Before this stint, the 34-year-old analyst not only worked at Prudential and Southcoast Capital but served as an engineer and marketer at Intel. Kumar's practical semiconductor experience along with his financial education -- he has a CFA from Wharton -- makes him a contender for the ax throne on both the semiconductor and hardware fronts.
Kumar, much like ax Dan Niles at BancBoston Robertson Stephens, covers the PC industry, which helped him earlier this year to deduce that if semiconductor chip prices were falling faster than PC prices, then PC margins would hold up relatively well. (Kumar has a buy rating on Gateway and Compaq, and a strong buy on Intel and Dell (DELL:Nasdaq). He raised his Gateway rating from neutral to buy July 30, a week after the company missed its estimate. Piper Jaffray hasn't participated in any of the companies' public offerings.)
Having his finger on the pulse of the PC industry helped Kumar spot an upturn in Intel's revenue cycle a month ago, well before the company reported last week that it expected third-quarter revenue to beat estimates by 8% to 10% as gross margins improve to 51% from 49%.
While Morgan Stanley's Mark Edelstone is getting well-deserved credit for calling the Intel upside surprise earlier this month, Kumar was the first one to stick his neck out and say that Intel's third quarter was going to be a winner.
That was Aug. 21, when Kumar raised his Intel rating from a buy to a strong buy, writing that PC original-equipment manufacturers were asking for more chips. The channel vendors and system aggregators also were saying that unit demand was very strong, which implied that the upsurge wasn't just the industry's annual inventory build-up. "It was for true consumer consumption" reasons, he says.
Based on the extra revenue, Kumar predicted back in June -- when the Street consensus was 73 cents a share -- that Intel could earn 80 cents a share in its third quarter based on revenues of $6.4 billion. "The herd instinct is in place so no one can claim that they were wrong," he explains. "Guys like me who stick our neck out are either right or we get bashed for being wrong -- it's a case of no guts, no glory." Kumar, who has a 105 12-month price bounty on Intel, isn't as bullish on Intel competitor Advanced Micro Devices (AMD:NYSE), rating it a neutral.

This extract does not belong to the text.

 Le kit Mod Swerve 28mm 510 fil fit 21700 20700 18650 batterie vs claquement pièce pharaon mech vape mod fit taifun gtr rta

Looking ahead, Kumar sees the Gateway YourWare model becoming more of a reality on the low end for PC makers. Next month, consumer electronics stores will begin selling a new line of "e-machines" from Trigem, Korea's largest PC manufacturer, for $549 with a $50 rebate. The amazing thing is this new PC package -- which Kumar says will offer 80% of a mainstream PC's features at 25% of the price -- will include a 14-inch monitor.
"Soon the sub-$500 PC, not just the sub-$1,000 PC, will be a reality," says Kumar, who believes that PC companies and chip makers that enter at this level will have to sell their wares virtually at cost. As with the YourWare program, in which vendors try to find profits from e-commerce transactions after the purchase, PC manufacturers will need to set up deals with internet service providers to get a piece of customers' ISP charges down the line.
That's exactly what Trigem is looking to do with Netcom, a privately held regional ISP that is in a fierce battle for market share.
"This move will enormously pressure consumer-centric companies such as Packard Bell," a division of NEC (NIPNY:Nasdaq ADR), warns Kumar in a report from Monday. "The writing on the wall is onerous for participants in the PC food chain."
As Kumar's views become more widely disseminated -- thanks to his mass emails to clients and the media -- many company CEOs are starting to take note. Gateway CEO Ted Waitt even went out of his way, claims Kumar, to participate in a Piper Jaffray conference call on the PC direct seller two weeks ago. "Now it looks as if [Waitt] wants to appease me," says Kumar.
Maybe it's starting to pay for an analyst to tell the truth.